Three little things I learnt recently

In no particular order, and with no relevance whatsoever to the beginning of the year, here are three mathematical facts I learnt in recent months which might belong to the “I should have known this” category:

(1) Which finite fields k have the property that there is a “square root” homomorphism
s\ :\ (k^{\times})^2\rightarrow k^{\times},
i.e., a group homomorphism such that s(x)^2=x for all non-zero squares x in k?

The answer is that such an s exists if and only if either p=2 or -1 is not a square in k (so, for k=\mathbf{Z}/p\mathbf{Z}, this means that p\equiv 3\pmod 4).

The proof of this is an elementary exercise. In particular, the necessity of the condition, for p odd, is just the same argument that works for the complex numbers: if s exists and -1 is a square, then we have
1=s(1)=s((-1)\times (-1))=s(-1)^2=-1,
which is a contradiction (note that s(-1) only exists because of the assumption that -1 is a square).

The question, and the similarity with the real and complex cases, immediately suggests the question of determining (if possible) which other fields admit a square-root homomorphism. And, lo and behold, the first Google search reveals a nice 2012 paper by Waterhouse in the American Math.
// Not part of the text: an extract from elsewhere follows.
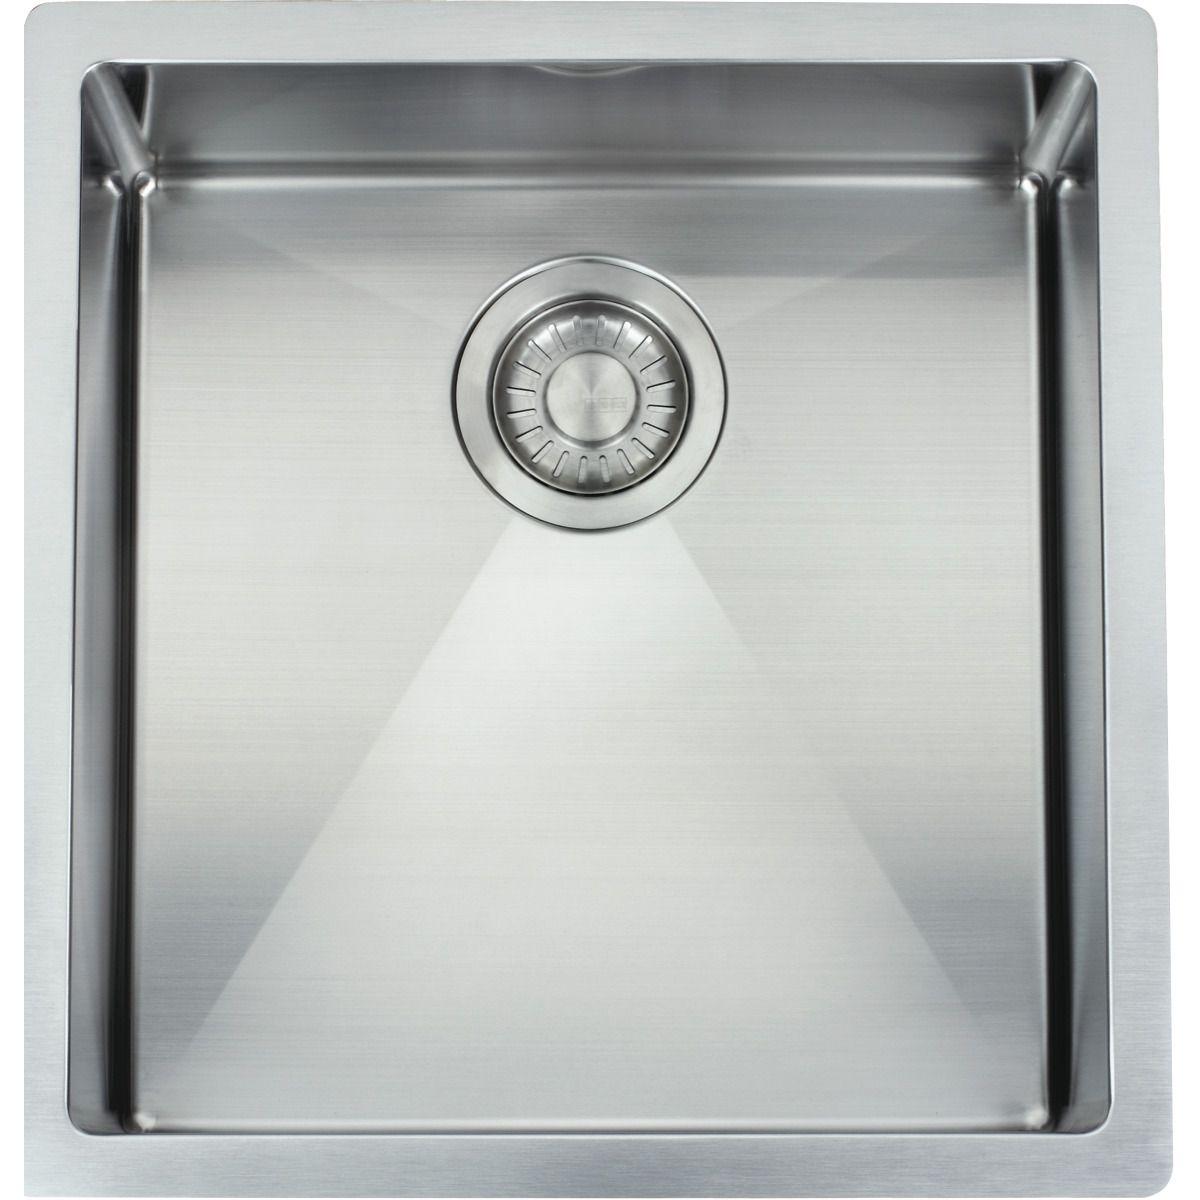 Franke Pzx210 39 Plaza Sink Sink Home Appliance Store Appliance Deals

Monthly that shows that the answer is the same: if K is a field of characteristic different from 2, then K admits a homomorphism
s\ :\ (K^{\times})^2\rightarrow K^{\times},
with s(x)^2=x, if and only if -1 is not a square in K.
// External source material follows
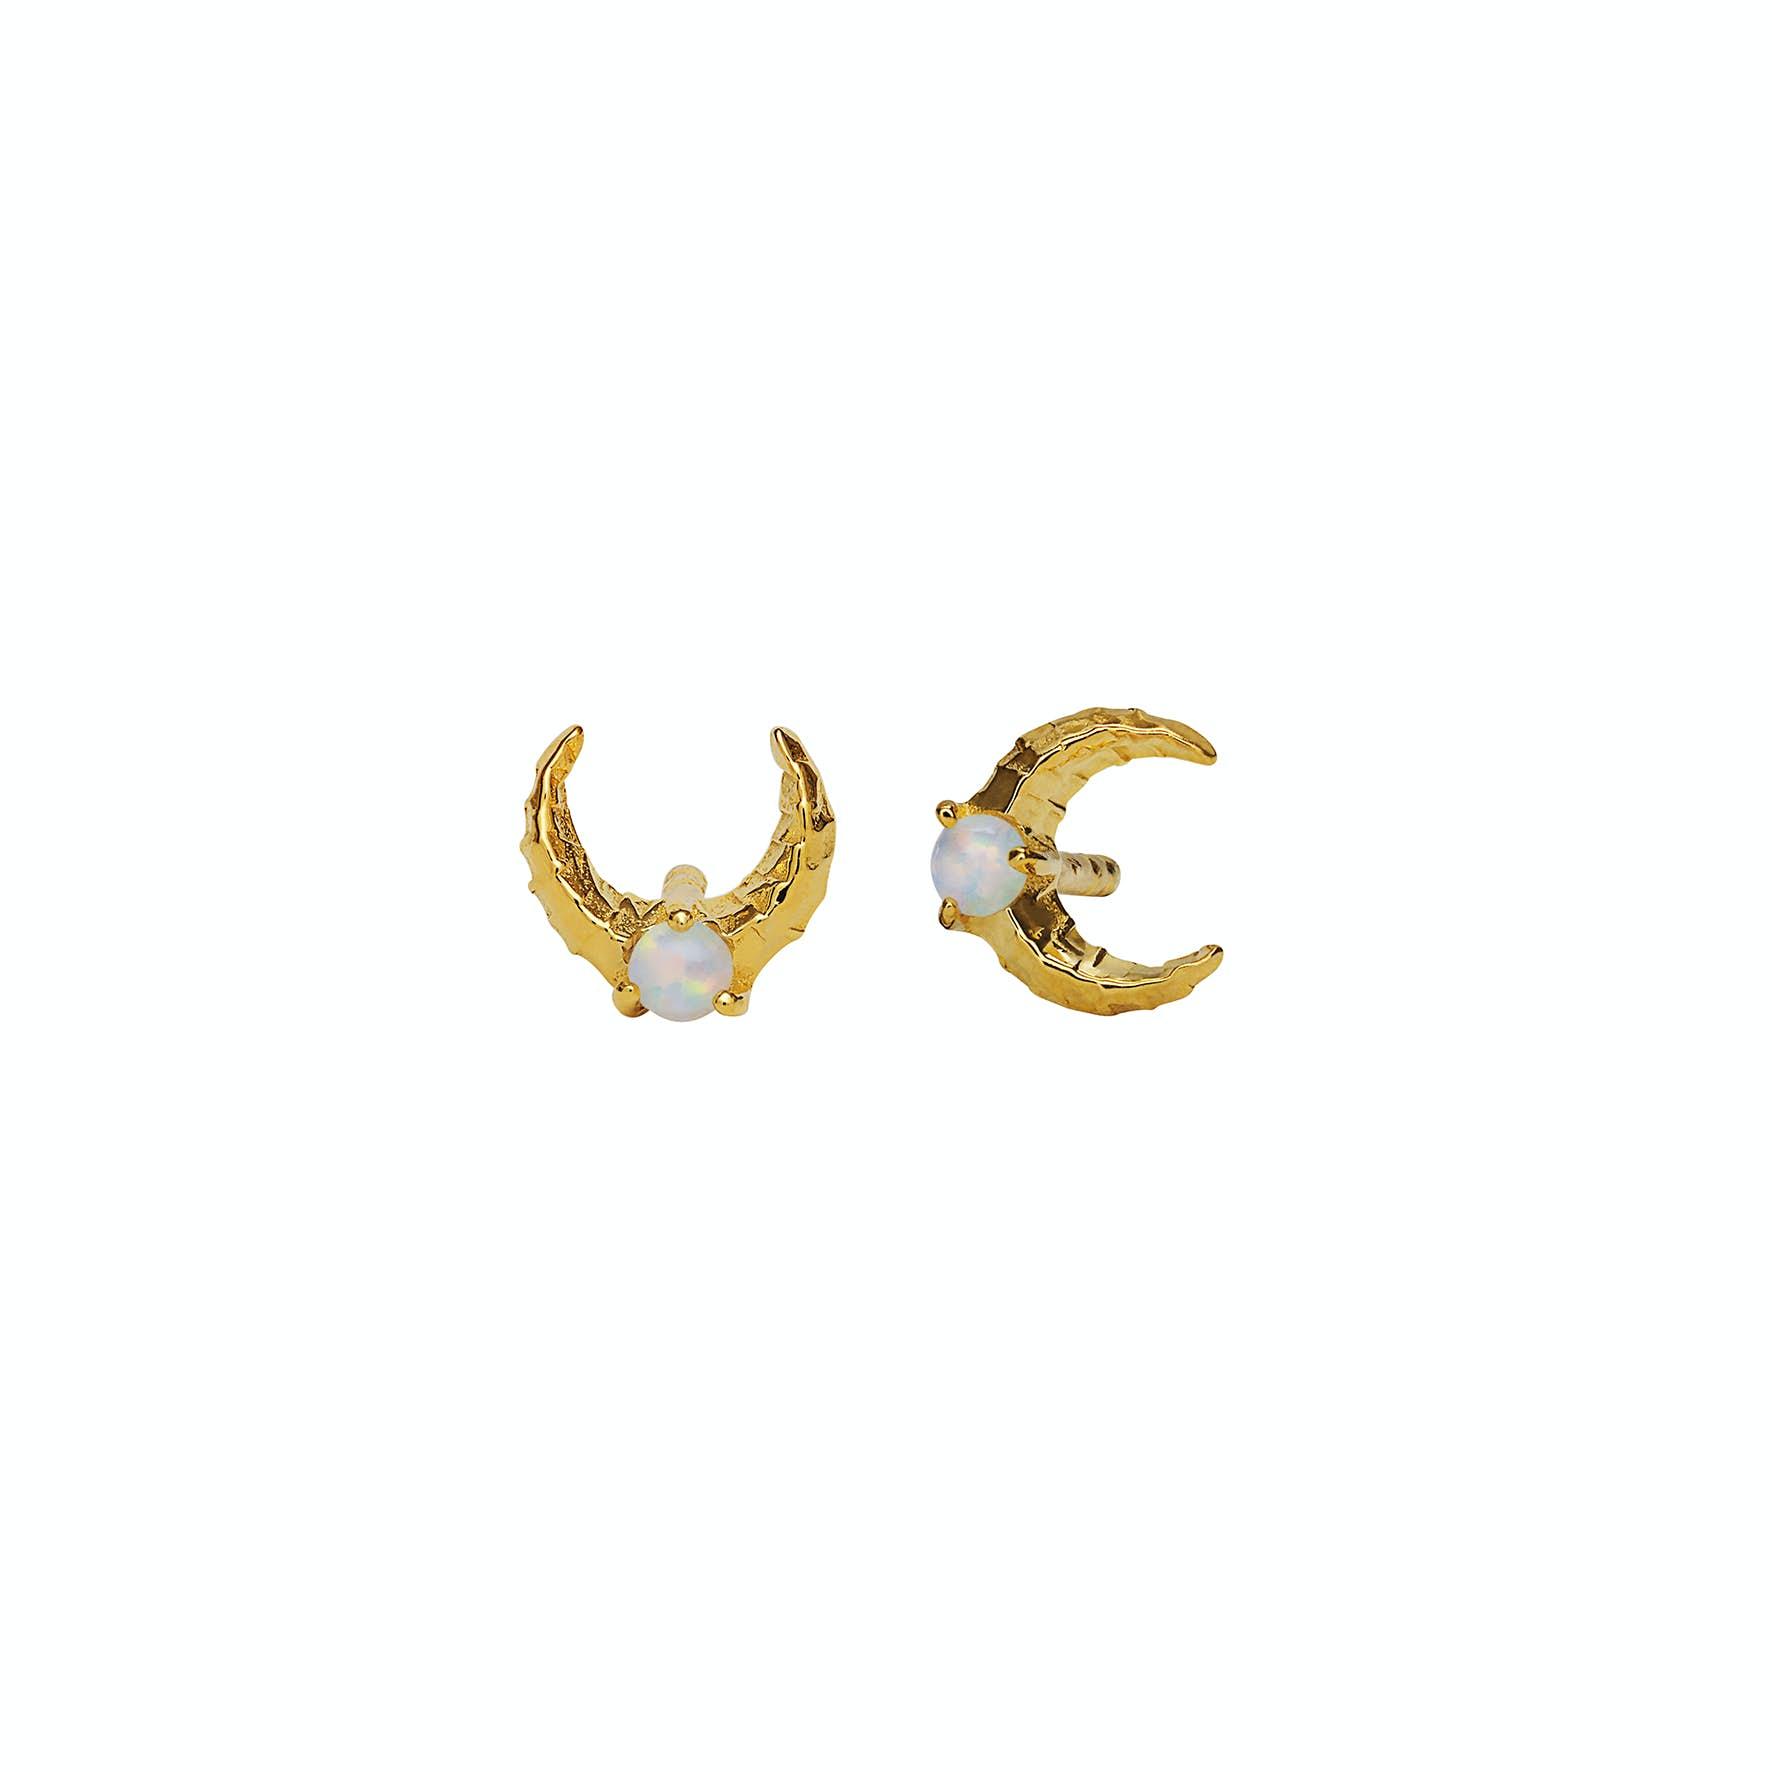 Nynette Earrings von Maanesten in Vergoldet-Silber Sterling 925

(The argument for sufficiency is not very hard: one first checks that it is enough to find a subgroup R of K^{\times} such that the homomorphism
t\, :\, R\times \{\pm 1\}\rightarrow K^{\times}
given by t(x,\varepsilon)=\varepsilon x is an isomorphism; viewing K^{\times}/(K^{\times})^2) as a vector space over \mathbf{Z}/2\mathbf{Z}, such a subgroup R is obtained as the pre-image in K^{\times} of a complementary subspace to the line generated by (-1)(K^\times)^2, which is a one-dimensional space because $-1$ is assumed to not be a square.)

It seems unlikely that such a basic facts would not have been stated before 2012, but Waterhouse gives no previous reference (and I don’t know any myself!)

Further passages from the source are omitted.